TileDB-Inc / TileDB-Py

Python interface to the TileDB storage engine
MIT License
190 stars 33 forks source link

Fix randomly failing test `DenseArrayTest::test_open_with_timestamp[False]` #2090

Closed kounelisagis closed 1 month ago

kounelisagis commented 1 month ago

Historically, we had several tests that overrode the timestamp for writes to avoid test failures when multiple writes occurred within the same millisecond. By leveraging https://github.com/TileDB-Inc/TileDB/pull/4800, we modified these tests in https://github.com/TileDB-Inc/TileDB-Py/pull/1953 to run both with and without these overrides.

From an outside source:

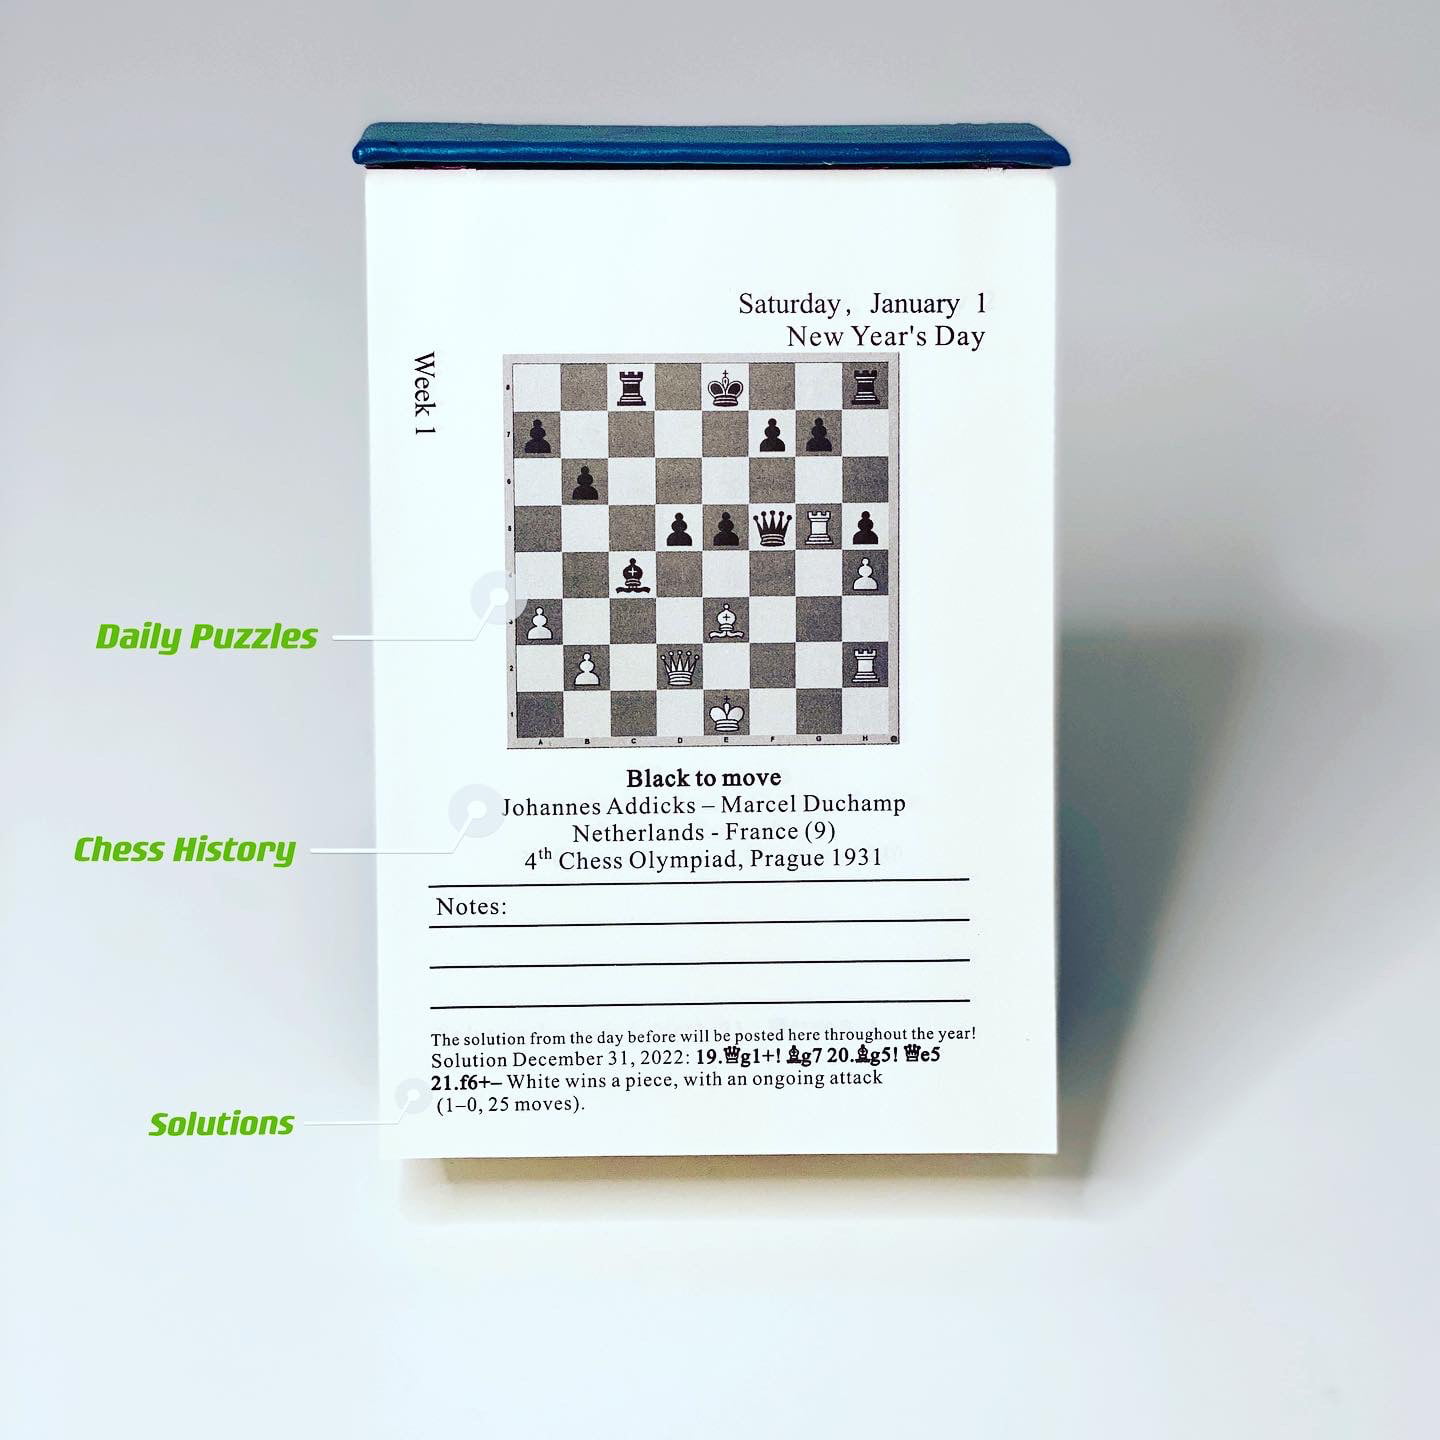 2022-chess-calendar-with-daily-puzzles-designed-by-im-silas-esben-lund-walmart

DenseArrayTest::test_open_with_timestamp[False] has frequently failed, locally, on the TileDB-Py CI, and the centralized-tiledb-nightlies.

It turns out that the logic of this test was not entirely correct. The test writes three fragments, one after another, and then opens each fragment using its corresponding timestamp to verify the correctness of its contents. The mistake was in how the timestamps for the reads were collected. After opening the array for writing and writing the new content, the array was reopened solely to retrieve the timestamp range.

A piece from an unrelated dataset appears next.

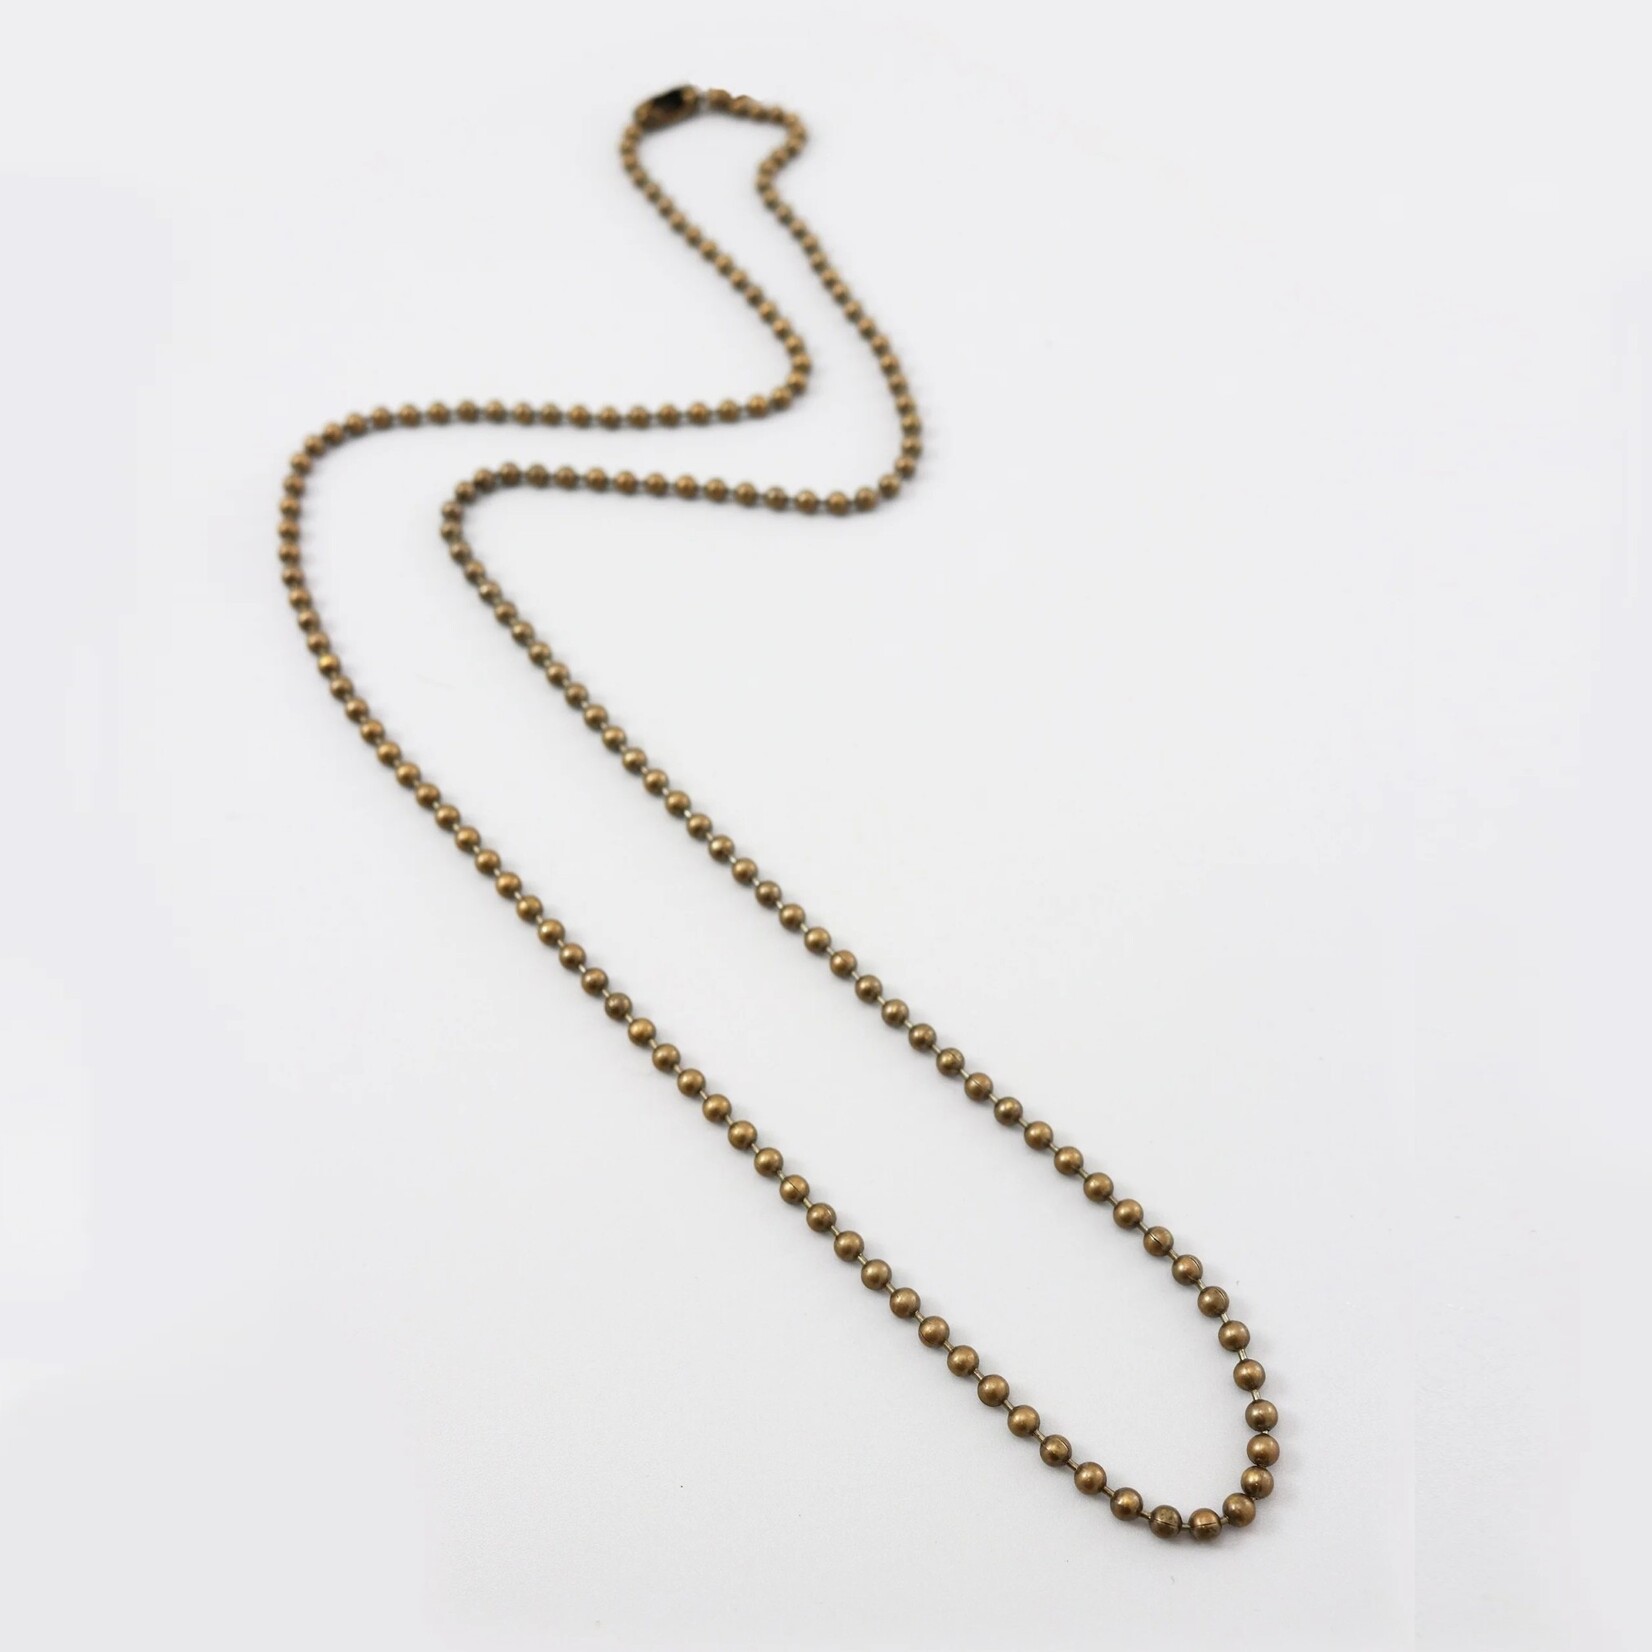 Vintaj Brass Ball Chain Necklace 28" - Ready to Wear

Opening the array in read mode immediately after closing it from write mode isn't expected to give the same timestamp range. In fact, since it depends on the current time, it will return a slightly larger end value. This process was repeated three times in that test.

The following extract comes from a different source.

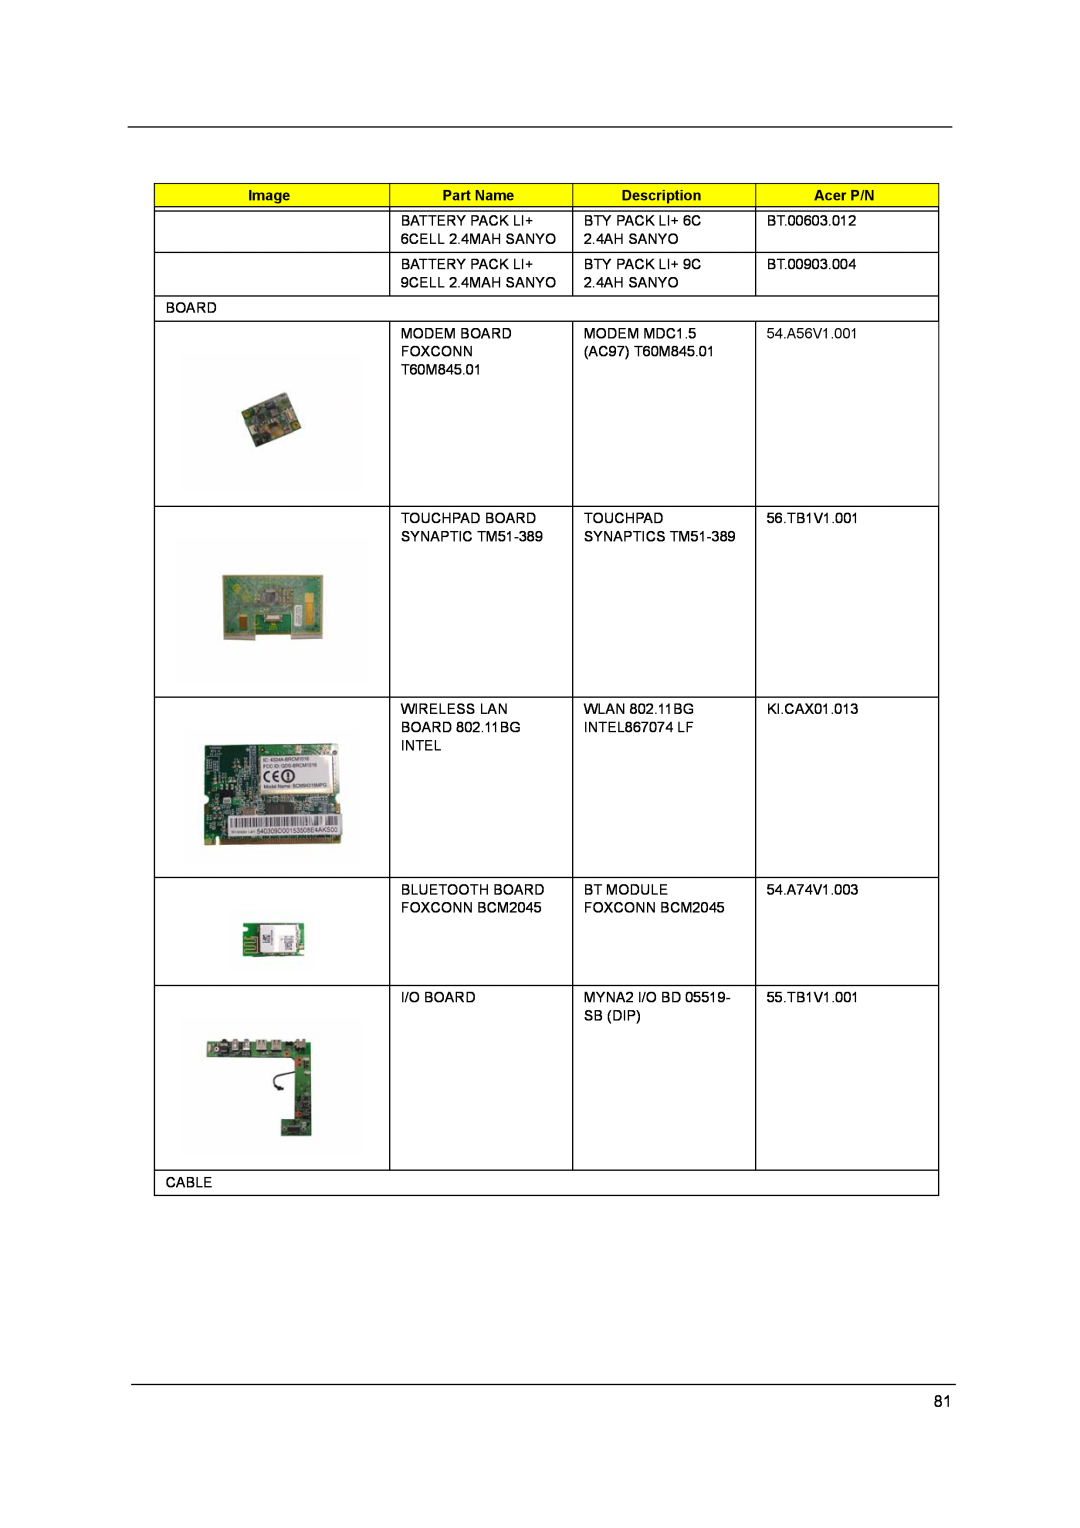 Acer LISHIN SLS0335A19A54LF, QD14TL0102, PLUTO MK6025GAS, MK4025GAS, PLUTO MK8025GAS Image, Part Name, Description, Acer P/N

For reference, without using any sleeps, if we compare the received timestamp end with the actual timestamp end found in the fragment name on disk, we anticipate something like the following table:

read timestamp end actual timestamp end
1 1728909483655 1728909483653
2 1728909483661 1728909483658
3 1728909483665 1728909483661

The problem is that, for example, when trying to read the second fragment using 1728909483661, the actual timestamp of the fragment is 1728909483658. This means that there is a change to read the third fragment instead of the second. Adding sleep calls in https://github.com/TileDB-Inc/TileDB-Py/pull/92 makes the problem less frequent, but it still exists.

This PR solves the problem using FragmentInfoList to get the actual fragment timestamps.

Kudos to @ypatia, @teo-tsirpanis, and @ktsitsi for helping me investigate this!

Should fix the related error in https://github.com/TileDB-Inc/centralized-tiledb-nightlies/issues/24 cc @jdblischak


[sc-56405]